| Given records |
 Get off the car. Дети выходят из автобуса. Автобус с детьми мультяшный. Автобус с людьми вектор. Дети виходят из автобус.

...

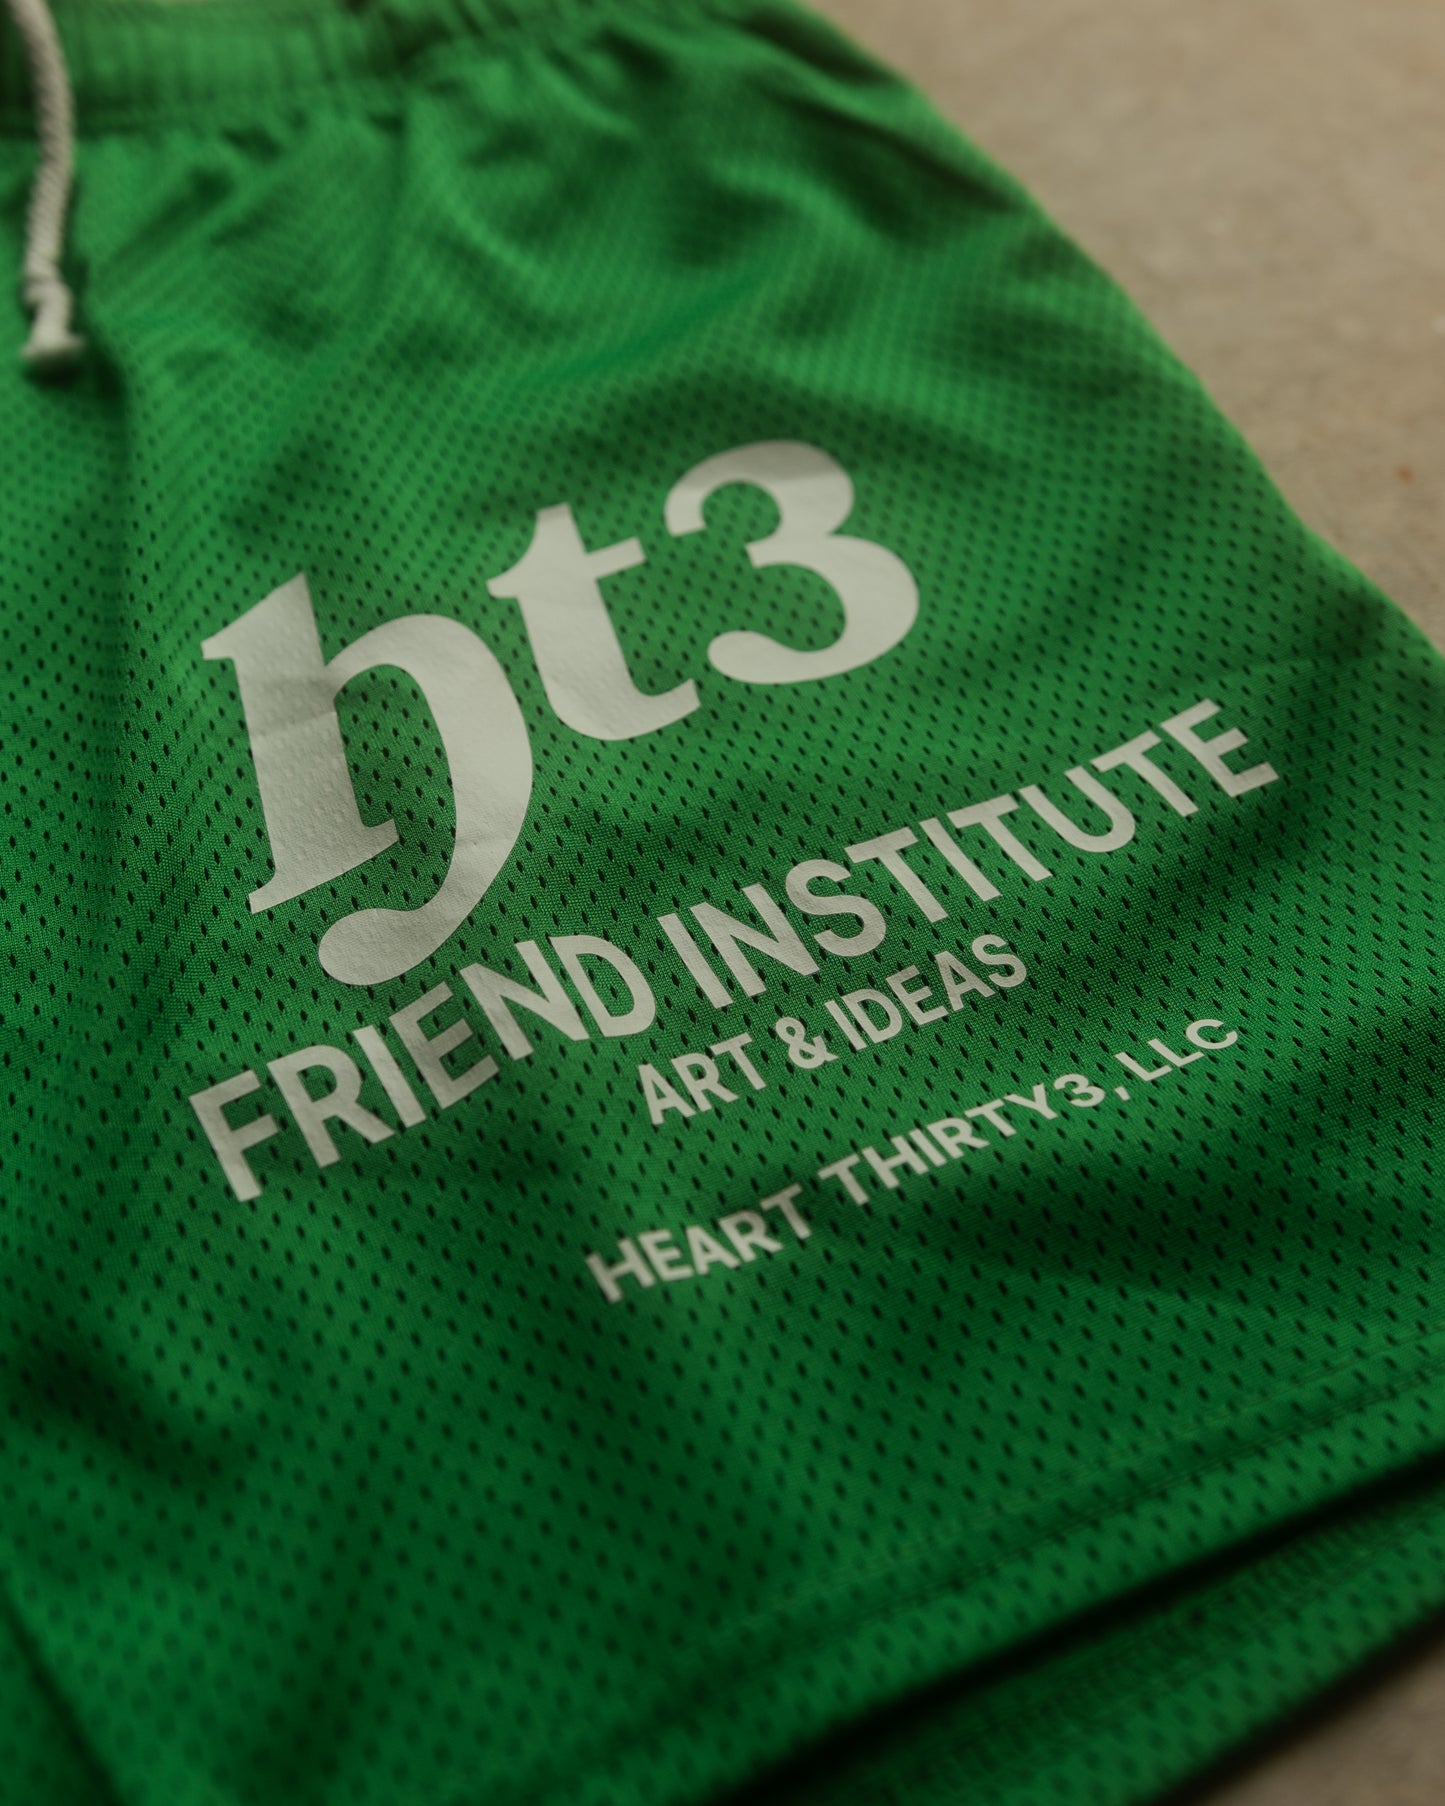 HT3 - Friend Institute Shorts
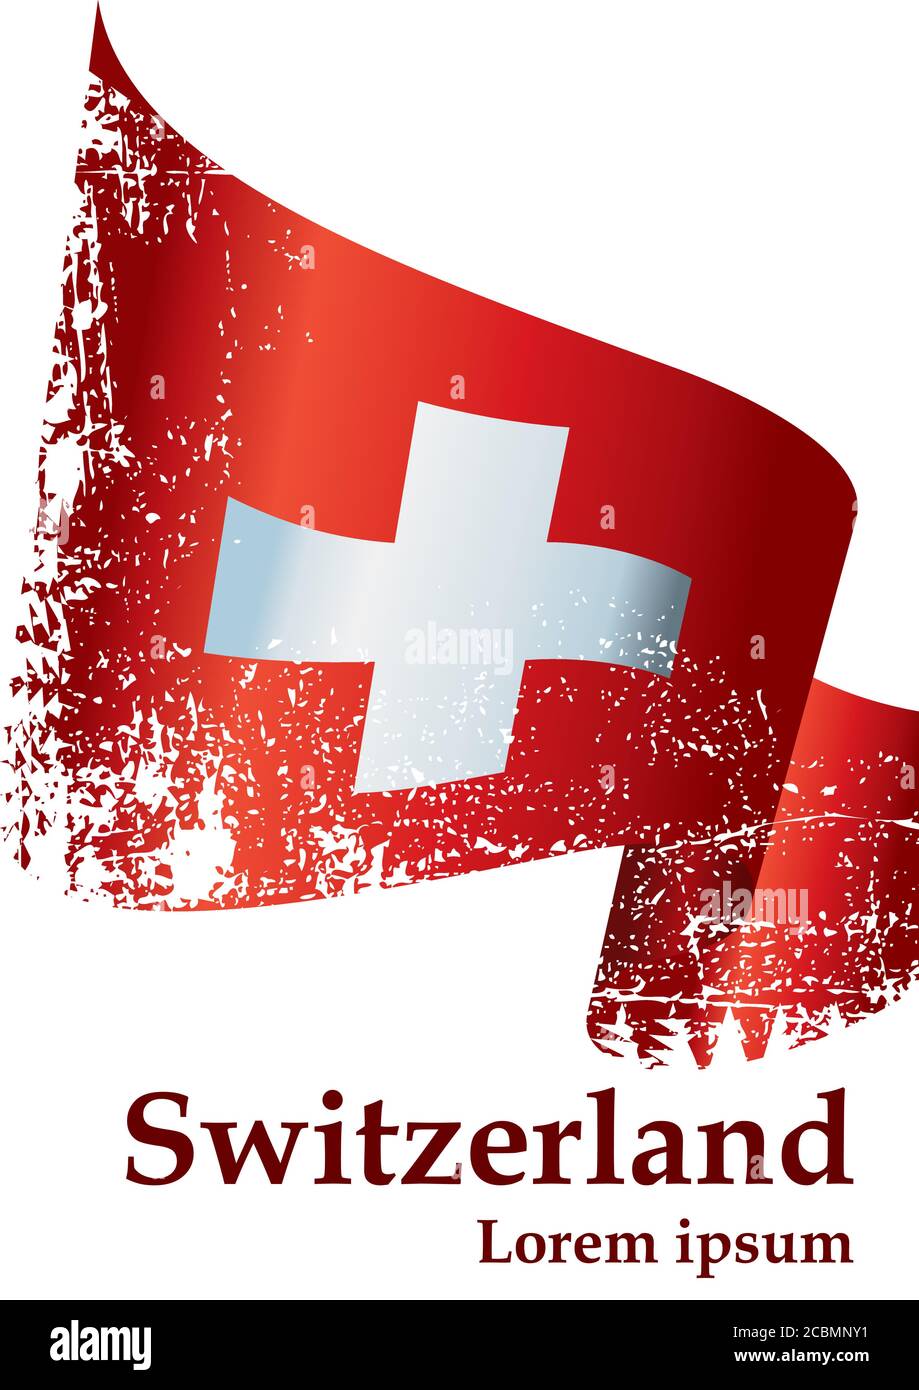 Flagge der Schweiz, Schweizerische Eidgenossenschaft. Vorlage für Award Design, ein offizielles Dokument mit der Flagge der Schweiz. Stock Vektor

| Assigned task |
Beginning at the line above that contains "HT3 - Friend Institute Shorts", repeat each line exactly through the one that contains "Flagge der Schweiz, Schweizerische", and leave out the pictures.

| Problem solution |
 HT3 - Friend Institute Shorts
 Flagge der Schweiz, Schweizerische Eidgenossenschaft. Vorlage für Award Design, ein offizielles Dokument mit der Flagge der Schweiz. Stock Vektor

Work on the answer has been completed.